→ **Input data**

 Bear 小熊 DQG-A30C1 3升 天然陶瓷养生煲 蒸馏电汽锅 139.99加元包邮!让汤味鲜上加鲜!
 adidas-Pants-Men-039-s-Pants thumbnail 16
* * *
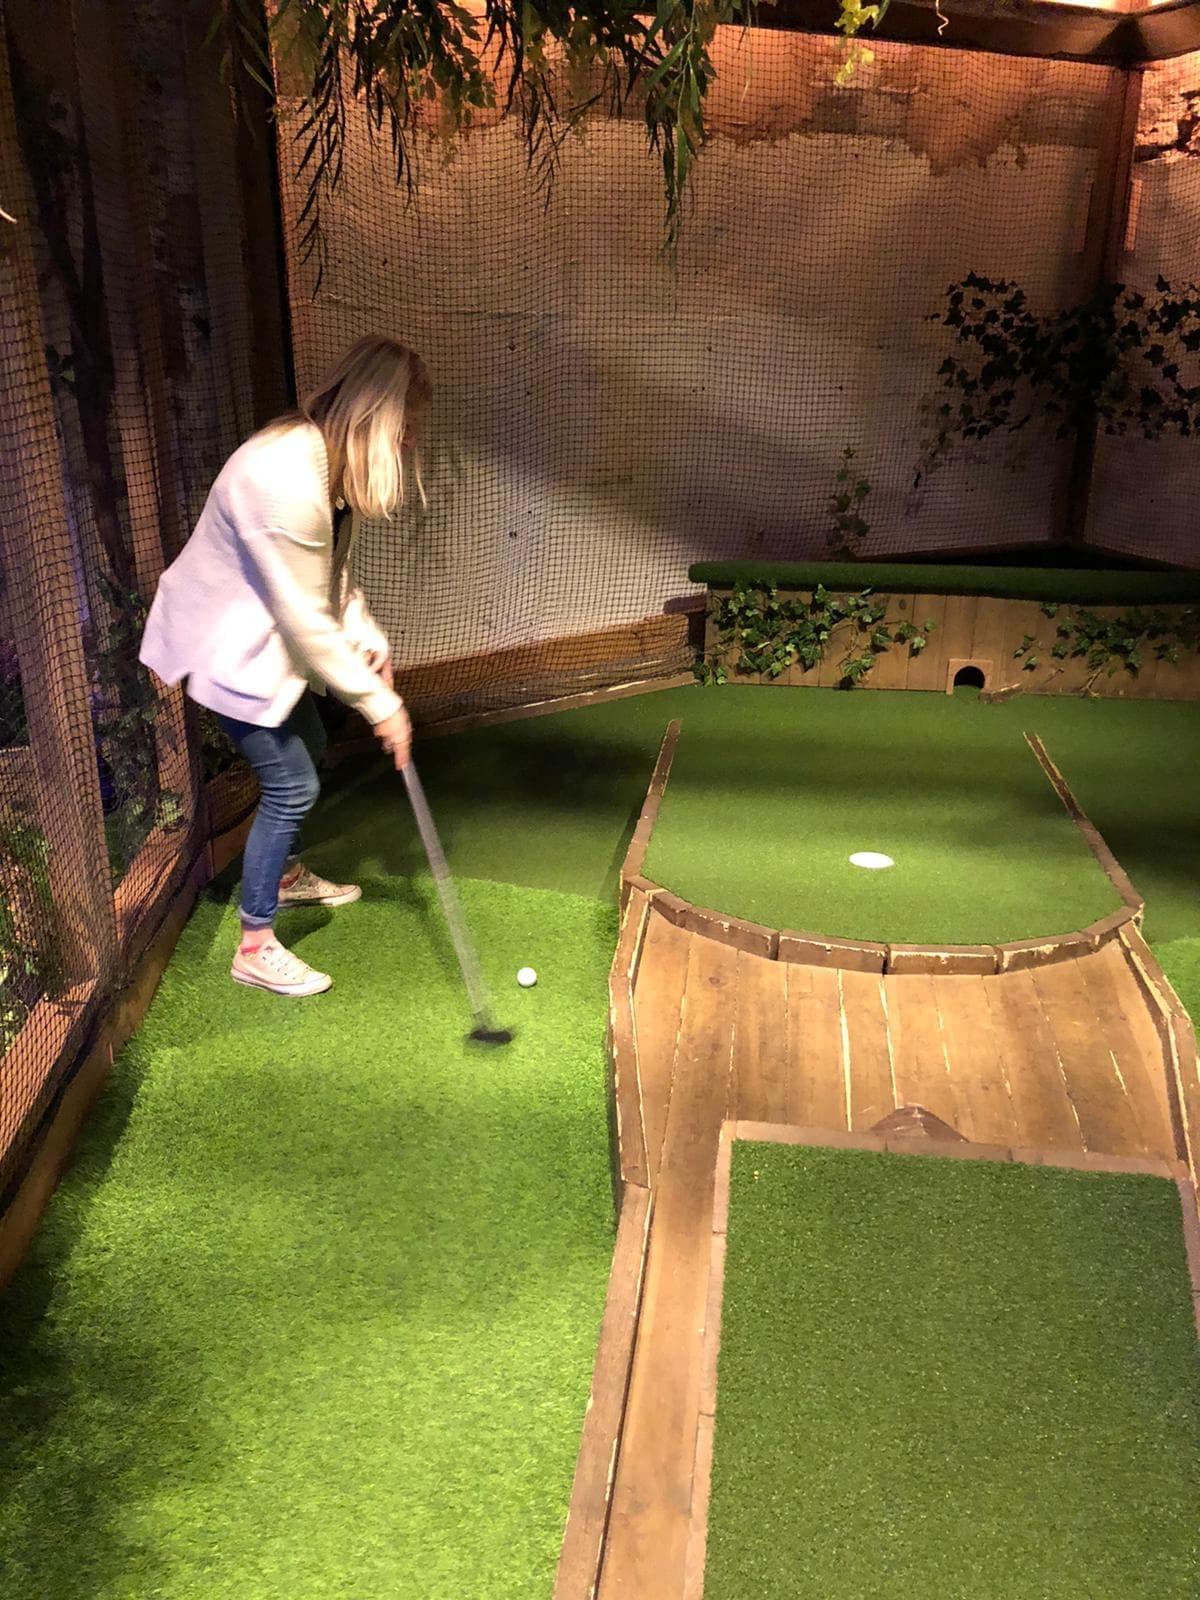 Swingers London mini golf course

→ **Task**
Using the records above, copy word for word the line with "Bear 小熊 DQG-A30C1", the line with "adidas-Pants-Men-039-s-Pants thumbnail 16", and every line between them.

→ **Your solution**
 Bear 小熊 DQG-A30C1 3升 天然陶瓷养生煲 蒸馏电汽锅 139.99加元包邮!让汤味鲜上加鲜!
 adidas-Pants-Men-039-s-Pants thumbnail 16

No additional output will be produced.